6. Guardrails (inherit Phase 1 §9 + Phase 1b §7.1 / Adversary mandate)

  • Don't fake the rebuild. "Infeasible/can't reproduce" is allowed only for a true, narrowly-scoped blocker with the maximal tested subset and Adversary sign-off — the host-key and DNS/cert reasons are explicitly not valid (the recovery key + the cert-in-git fix remove them).
  • Exactly one out-of-band secret. The bootstrap age key. Everything else in git, encrypted. If the loops find another secret that "has to" be out-of-band, that's a finding to design away, not accept.
  • Gandi token stays out of repo/agent — only the cert artifact is committed (encrypted). Renewal is operator-issues-then-commits.
  • Base repo stays generic — no instance domain/secret leakage into the base; the Adversary checks the base builds/clones clean of instance specifics.
  • Incus guardrails (§4): terraform-ci only, respect the RAM cap, destroy the throwaway VM, don't touch other instances.
  • No weakened tests / no drift — the restructured config must remain byte-identical to running (zero drift) and all of D1D10 must still hold after the refactor.

7. Open decisions (log in DECISIONS.md)

  • Flake input vs git submodule for the instance repo (default: flake input).

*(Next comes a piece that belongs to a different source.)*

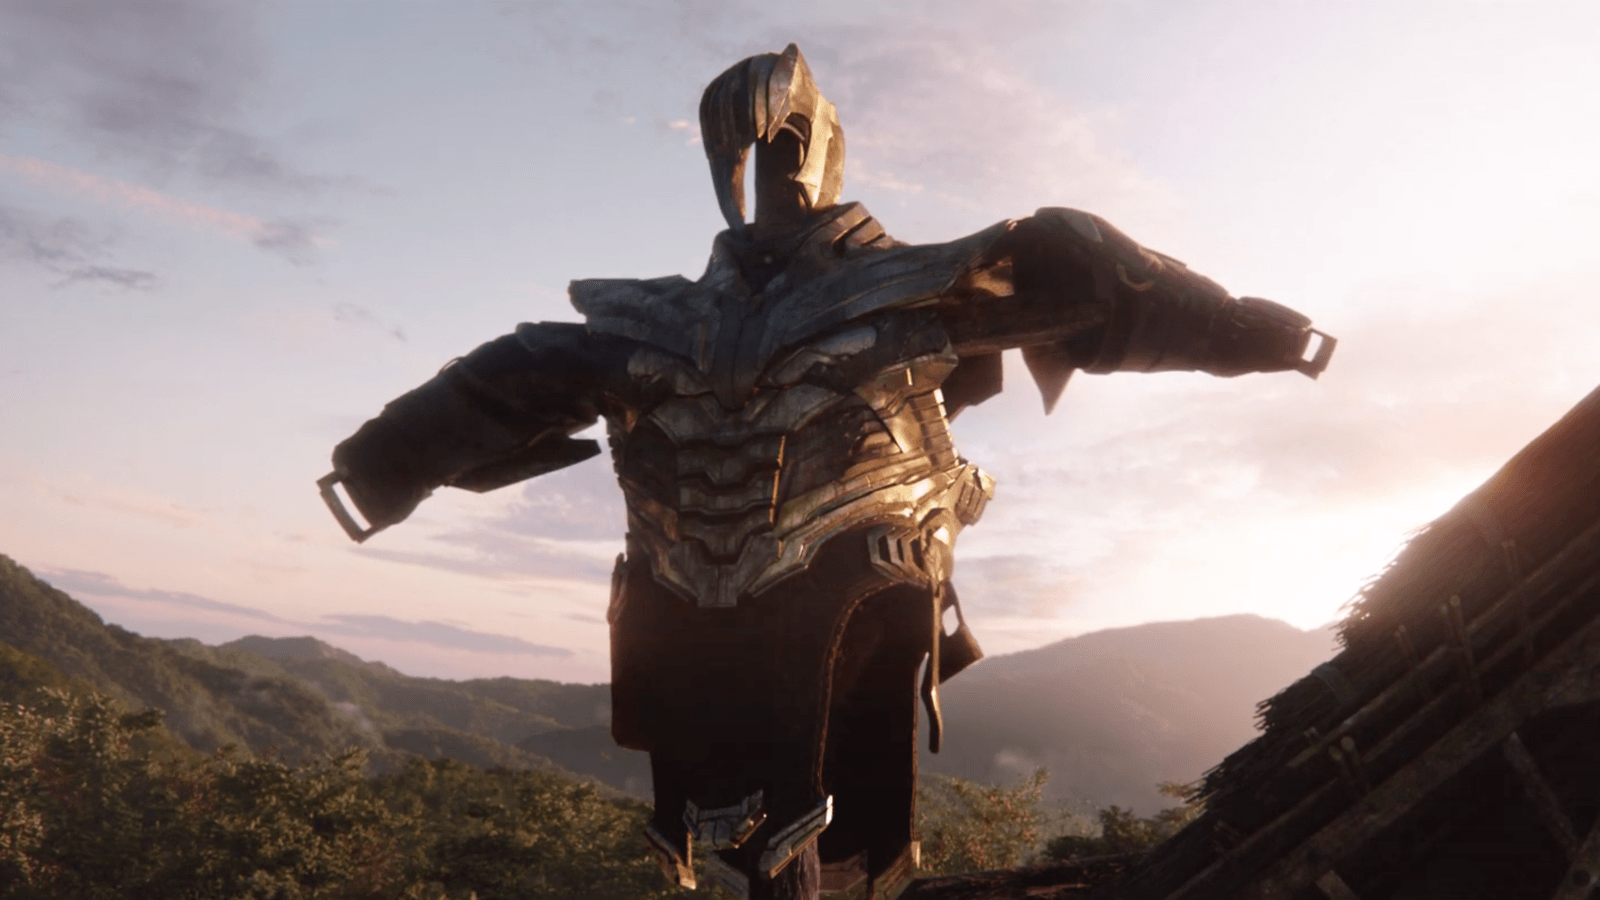 Avengers: Endgame countdown hits 100 days, so here are some

  • Bootstrap-key provisioning for a new VM: provision the off-box recovery age key to the host (decrypt as-is) vs generate the new host's key + re-encrypt secrets to it. (Recovery key is simpler for a clone; per-host re-encrypt is cleaner long-term.)
  • Final cc-nix-test sizing after the test: restore to 6 GB, or promote the freshly-rebuilt reproducible VM to be the canonical cc-ci and retire the old one.

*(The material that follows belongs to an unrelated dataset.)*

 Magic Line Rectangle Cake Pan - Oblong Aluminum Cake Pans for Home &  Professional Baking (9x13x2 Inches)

  • DNS/gateway as IaC (terraform for the Gandi records + the gateway) — likely a separate future item (IDEAS), out of 1c scope; 1c keeps them as documented external preconditions.
  • Whether the instance repo is private under recipe-maintainers (bot is admin) and how the loops fetch it during rebuild (token-in-URL vs read deploy key).